[Data extract]
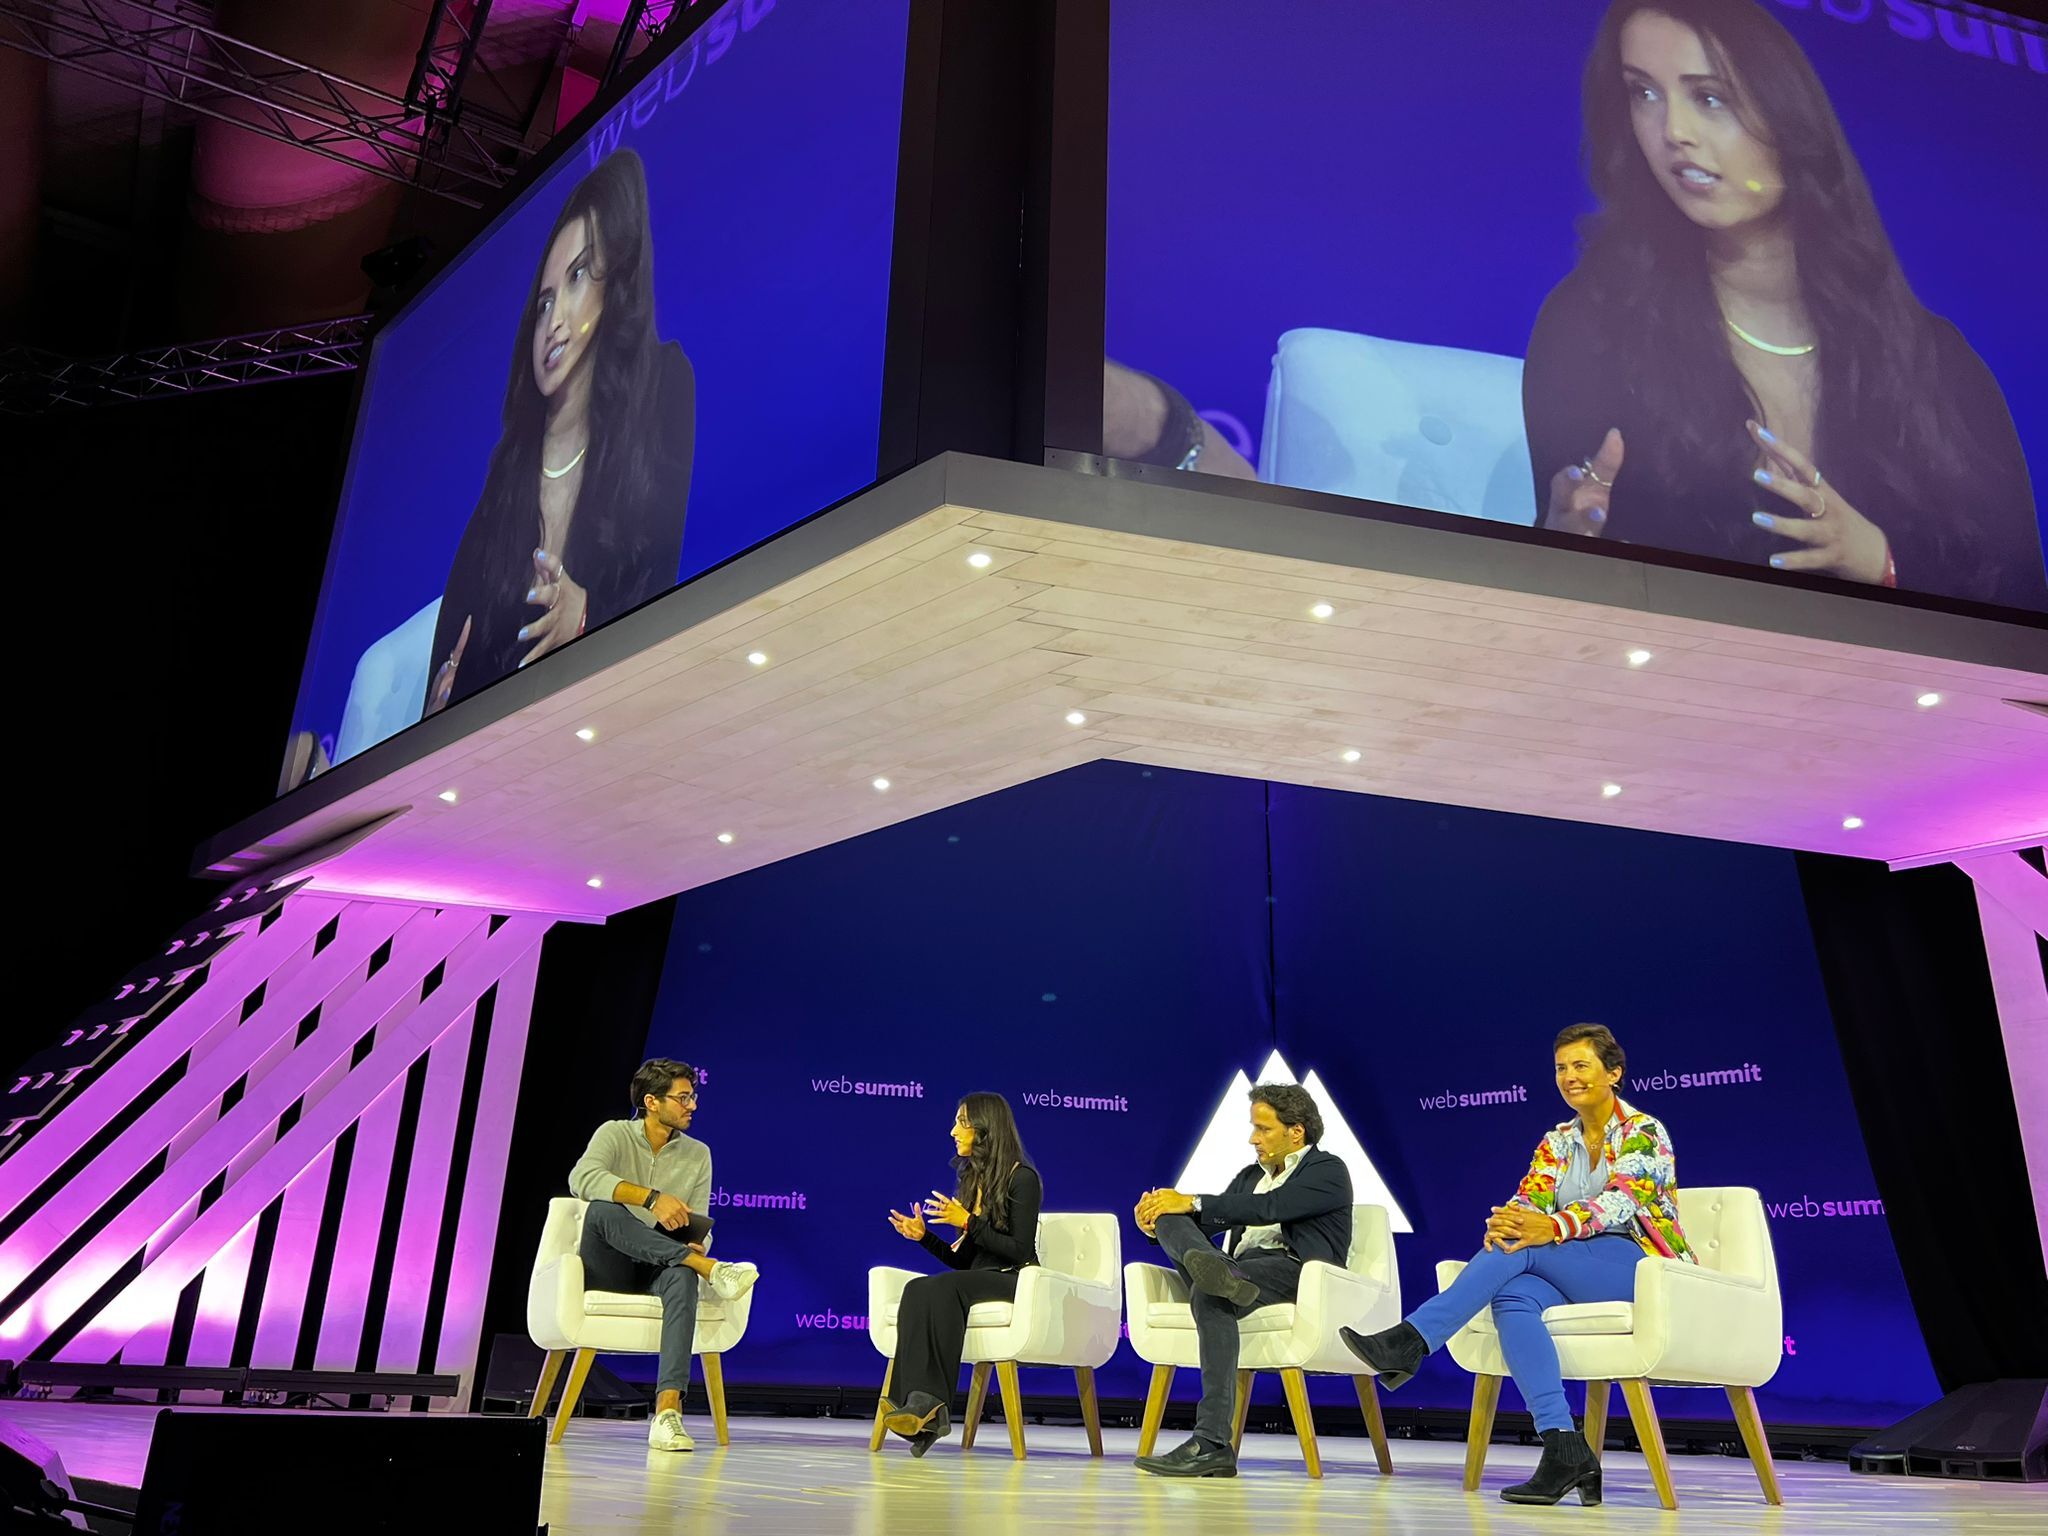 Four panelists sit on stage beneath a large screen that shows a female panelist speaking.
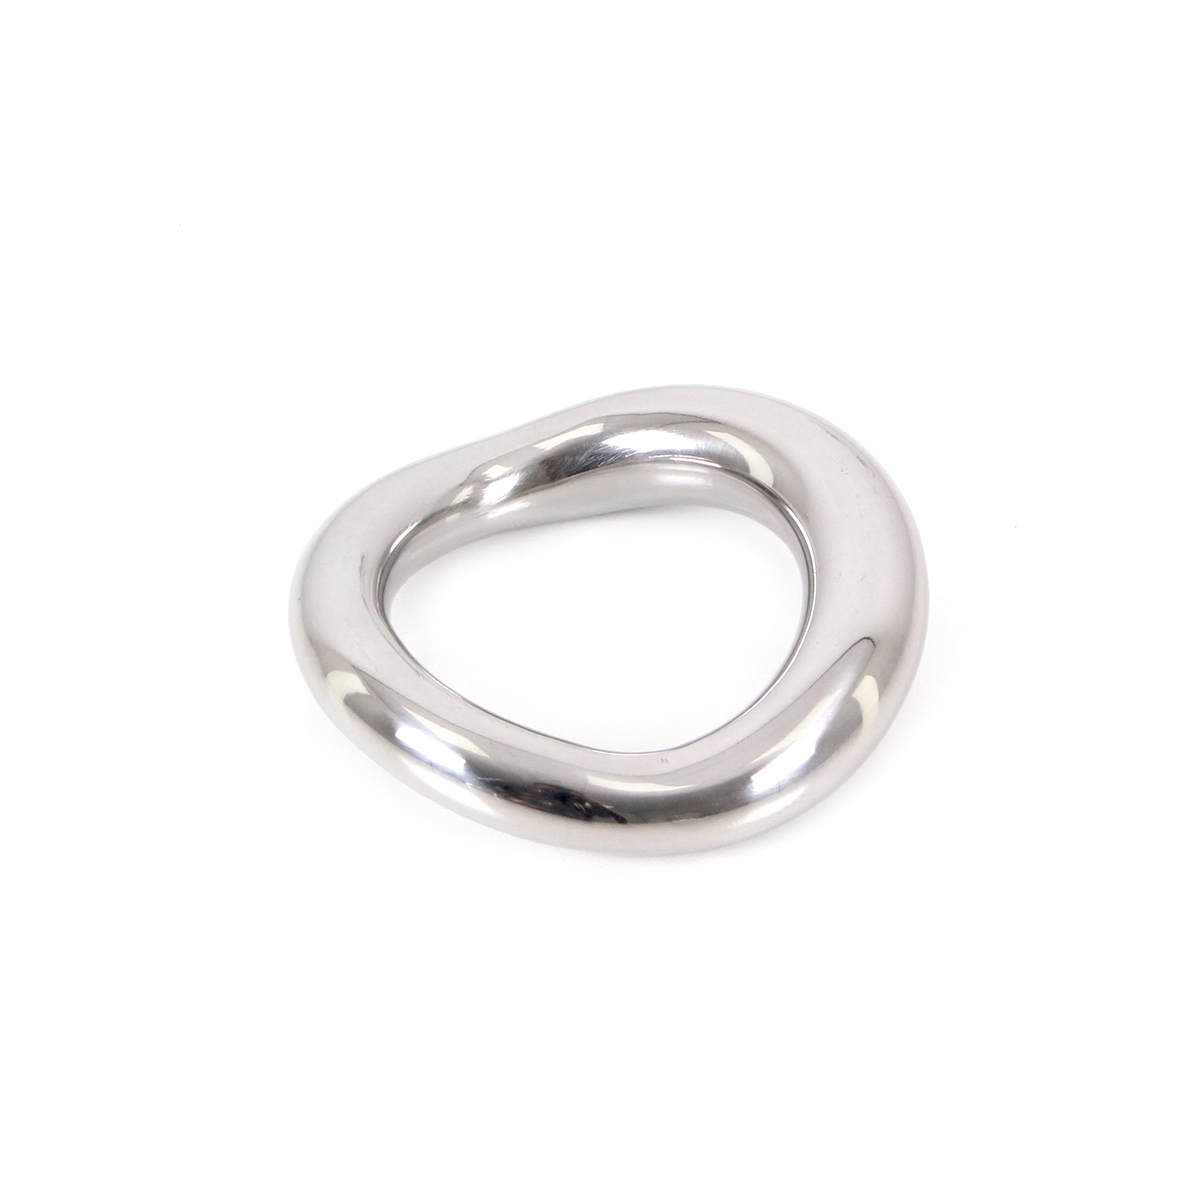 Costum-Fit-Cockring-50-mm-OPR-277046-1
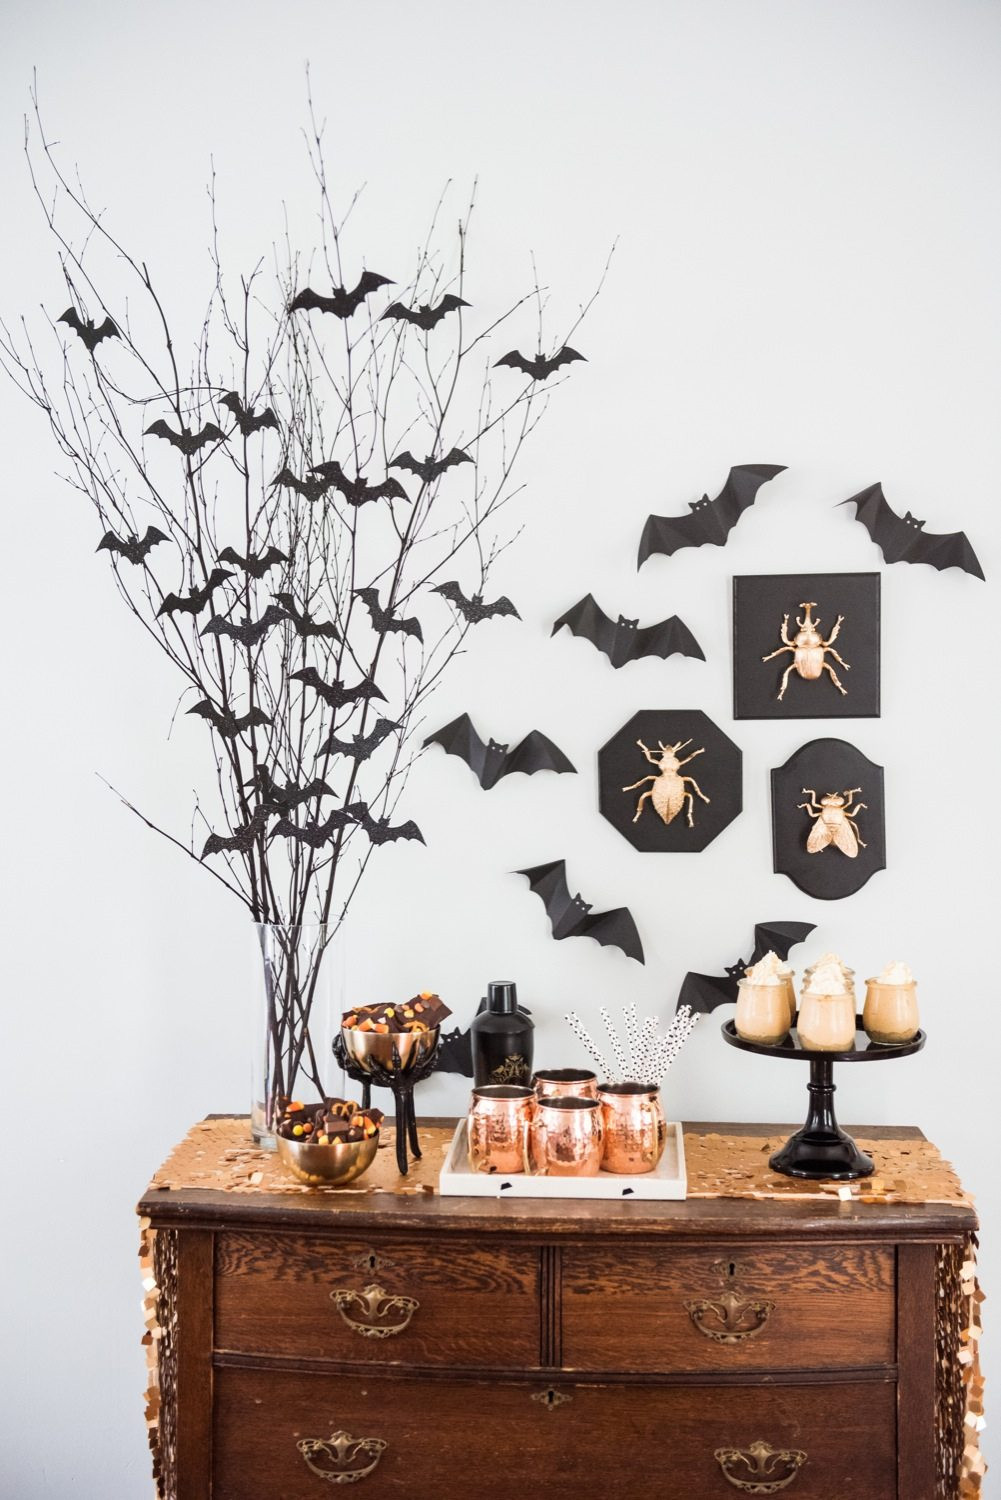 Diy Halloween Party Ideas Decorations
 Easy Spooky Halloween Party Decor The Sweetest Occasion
[/Data extract]
• Exercise prompt: Would it be possible to copy the material exactly, excluding the images?

• Task solution:
 Four panelists sit on stage beneath a large screen that shows a female panelist speaking.
 Costum-Fit-Cockring-50-mm-OPR-277046-1
 Diy Halloween Party Ideas Decorations
 Easy Spooky Halloween Party Decor The Sweetest Occasion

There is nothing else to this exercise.